Il fait décidément trop chaud, les trois quarts d'heure de route qui nous ont menés sur le parvis du palais des Papes d'Avignon, m'ont noyé de sueur, j'aurais dû prendre l'option airco à l'achat de ma voiture, je n'imaginais pas qu'il puisse faire aussi chaud, il est vrai que dans notre Belgique profonde, on ne dépasse que très rarement les 24 degrés, alors à quoi bon l'airco.

Pour nous rafraîchir, Serge nous proposa de prendre un verre, sur une des multiples terrasses qui font face aux imposantes marches du palais.
Tout le monde de tomber en extase devant la splendeur de cet édifice, orné de sculptures qui me font penser plus à des graffitis, qu'à de la pierre taillée, mais bon, je ferai contre mauvaise fortune, bon coeur, j'avais promis que nous viendrions ici pour faire plaisir à nos épouses, qui voulaient absolument voir ce site avant de rentrer au pays.
La bâtisse me laissant réellement de glace, je m'affairai à commander la tournée de collations rafraîchissantes, en attendant le retour du serveur, je lus distraitement les feuillets publicitaires reçus lors de mon arrivée sur la place.
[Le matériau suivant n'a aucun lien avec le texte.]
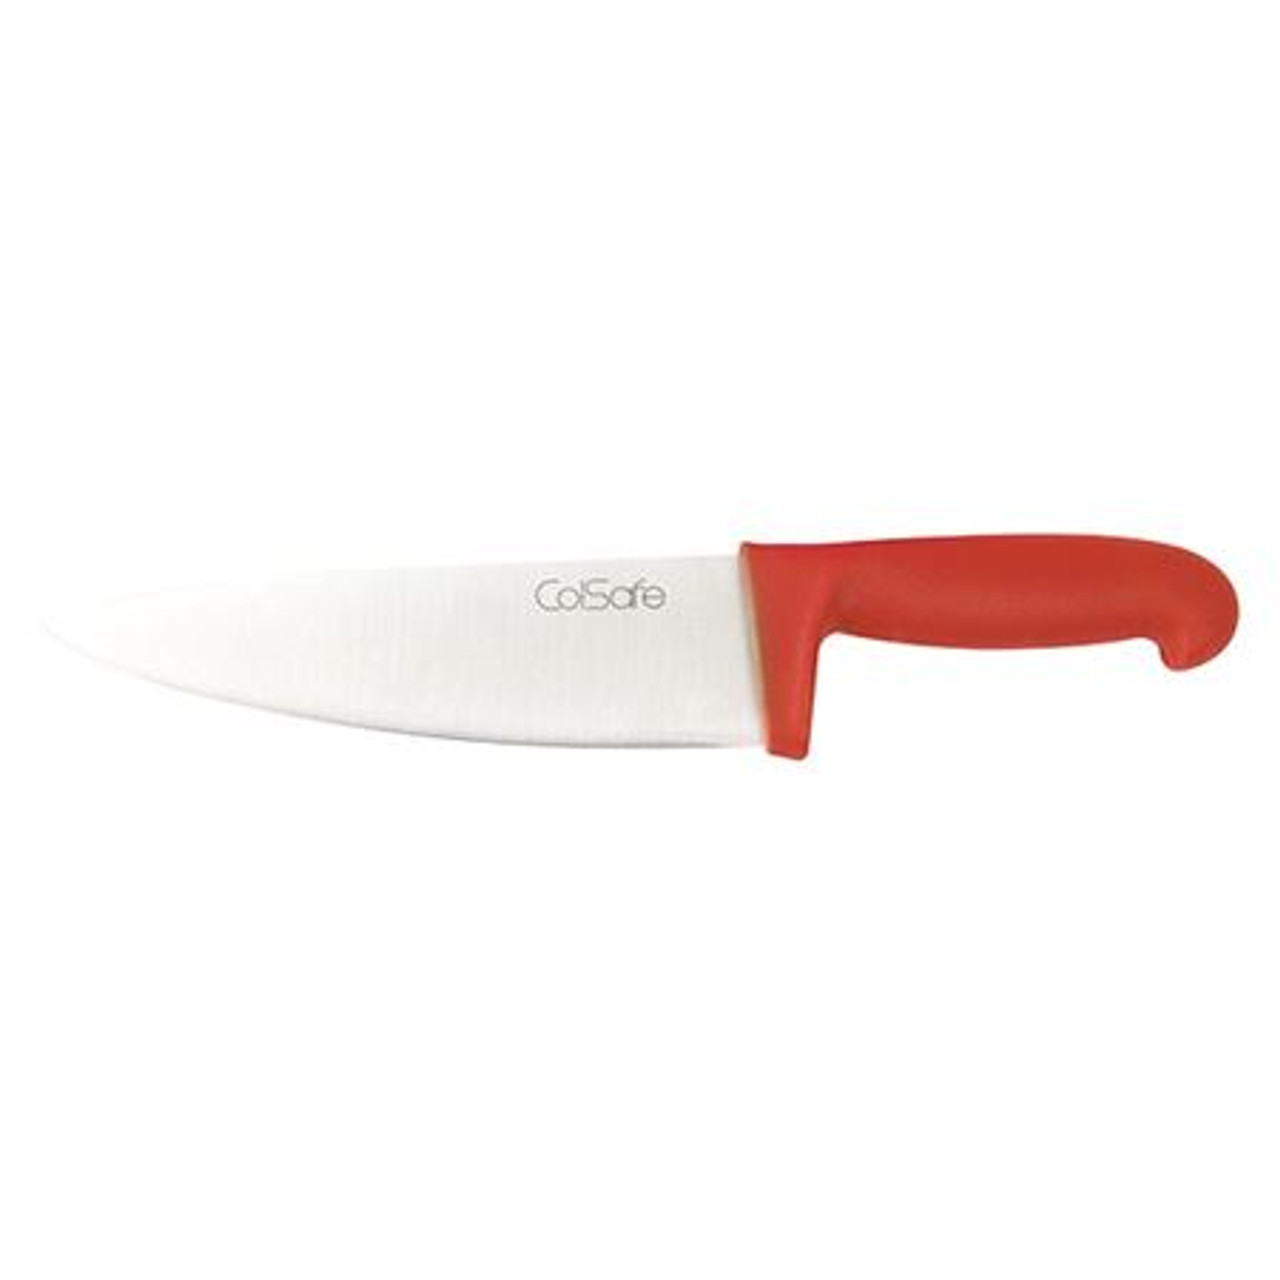 Colsafe Cooks Knife Red 8.5"

Un léger coup de vent fit s'envoler une de mes brochures, je la ramassai, et, en me relevant, ma vue croisa une jeune fille anonyme assise sur les marches du parvis, pourtant, je faillis lui crier "salut toi" tant j'étais persuadé si de ne la connaître, au moins de déjà l'avoir rencontrée, dans le même temps, je me rendis compte que cela ne pouvait être que dans un rêve.
Je me gardai donc de la héler, me contentant d'observer ses longs cheveux châtains, ondulant aux caprices des vents, cachant de temps à autres la profondeur de son regard, ses yeux pénétrants, fixés sur je ne sais quoi ou qui, étaient d'un vert transparent, j'avais l'impression de voir le fond d'une bouteille de champagne à peine pétillant en pleine lumière, un petit top recouvrait sa poitrine rebondie, découvrant une petite perle éclatante de mil feu, qu'elle avait au nombril, une bande de tissus fixée par une cordelette autour de la taille, enroulait ses hanches, que la bise coquine dévoilait volontiers pour exposer, un petit morceau de soie légèrement fleurie, d'une fraîcheur, qui me fit oublier d'emblée la canicule, j'étais très embarrassé, je voulais à tout prix la quitter du regard, me forcer à redresser les yeux , mais lorsque je voulu poser mon attention sur le verre que le garçon vint de déposer devant moi, je ressentis, une vive douleur dans mes orbites, comme si mes yeux étaient fixés à un élastique trop tendu, prêt à rompre à n'importe quel moment, mon regard se retourna donc mécaniquement sur elle, j'étais vraiment gêné, j'avais peur qu'elle ne me surprenne en plein voyeurisme, mais je ne pouvais m'empêcher de la déshabiller du regard.
Un grand coup sur l'épaule me ramena à la raison,

- Bien alors, Roy, t'as pas soif ?
- Si bien sûr, je suis désècher comme une feuille morte ...

J'avalai ma choppe d'un trait, tellement ma gorge était tarie, et pour une fois, je me mis même à apprécier cette bière fadasse qu'on vous sert en France.
Lorsque je déposai mon verre vide sur le sous bock, cet ange passa à quelques pas de notre table, en me regardant, un sourire candide aux lèvres, dès qu'elle fut à ma hauteur, elle me fit un petit clin d'œil complice, que je lui rendis discrètement ...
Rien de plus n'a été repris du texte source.